This book does a good job of summarising the key conspiracy theories. It details their key points while never  (or at least, only occasionally) specifically endorsing them. It would be a good coffee table read which would have benefited from a more detailed list of contents. Admittedly, it’s not a huge book but the conspiracies here are listed under ten general headings and these aren’t much help if you’re generally flicking through. Does the JFK assassination come under Politics, Historical, Tragedies or Murdered Or Missing, for example? Clue: it is not the same category as his brother Bobby’s own assassination. A minor criticism, yes, but one which slightly counts against it.

Men-in-Black-reboot

There are a good number of conspiracy theories detailed here and as usual, the Kennedy killings stand out amongst the most compelling ones. This is largely because of Lee Harvey Oswald’s murder two days after JFK’s assassination in 1963 but also because of Oswald’s Cuban links, the Kennedys’ mafia connections and Bobby and Jack’s anti-CIA stance.
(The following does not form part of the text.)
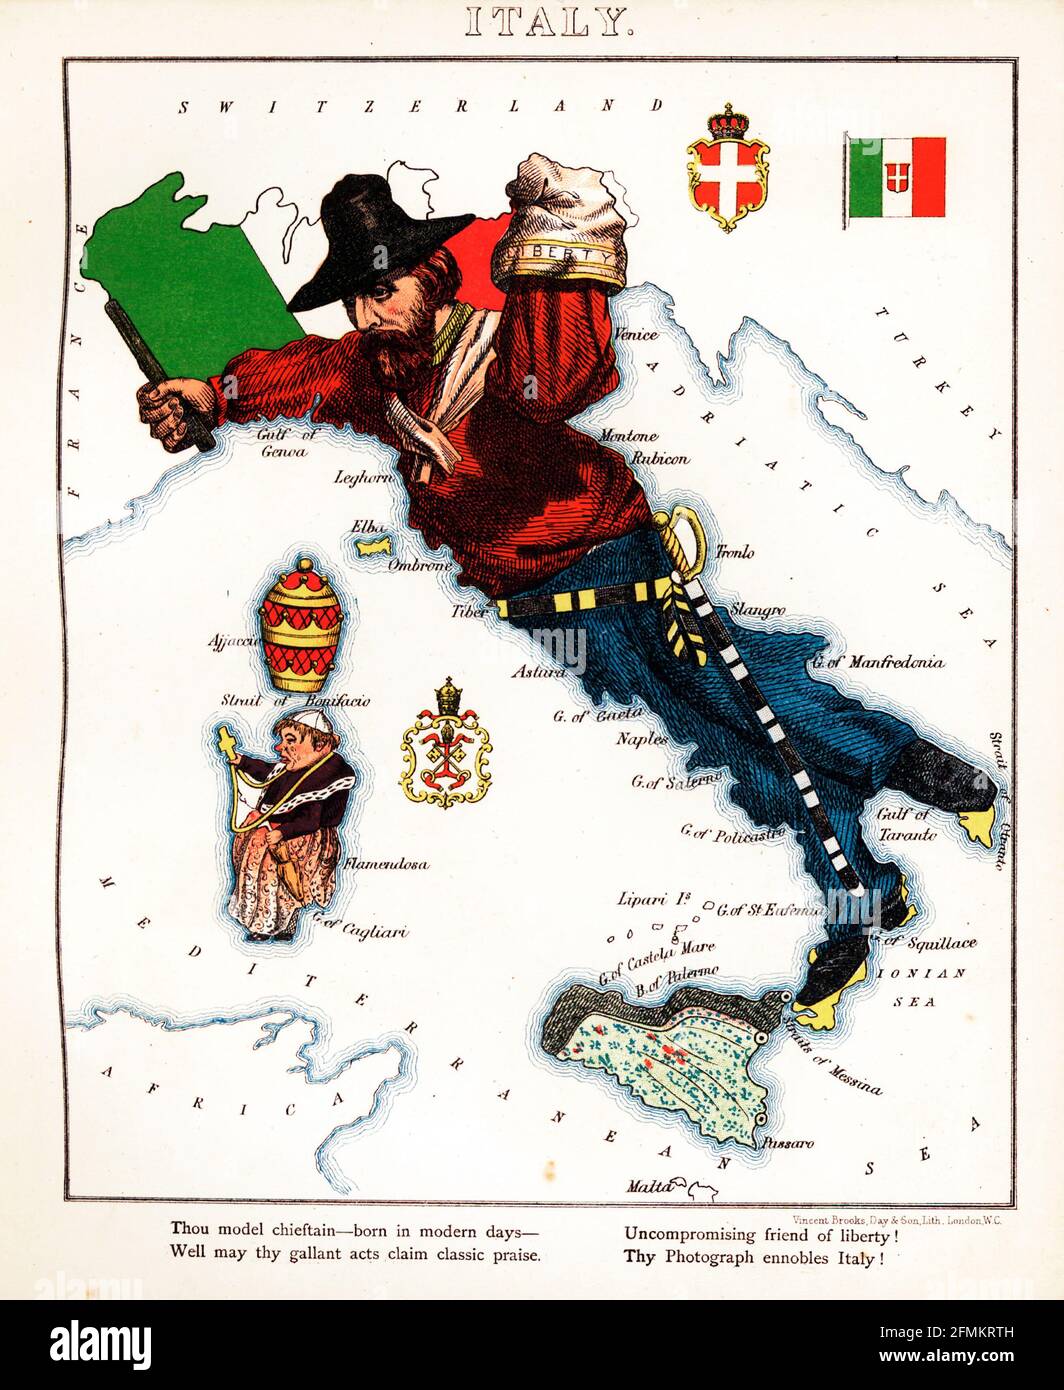 Italien – geografischer Spaß. Illustrierte satirische/kartografische Karte. Veröffentlicht in London von der Firma Hodder und Stoughton im Jahr 1869. Stockfoto

Others seem much less credible. Bearing in mind their personalities, the official verdicts on Marilyn Monroe, Jim Morrison, Elvis and Kurt Cobain’s deaths all seen very believable. Yet rumours about their supposed murder or alleged survival continue to persist.

Some issues are more complex. Most of us would reject the most outlandish theories about the September 11th attacks in 2001. But some elements do remain unexplained.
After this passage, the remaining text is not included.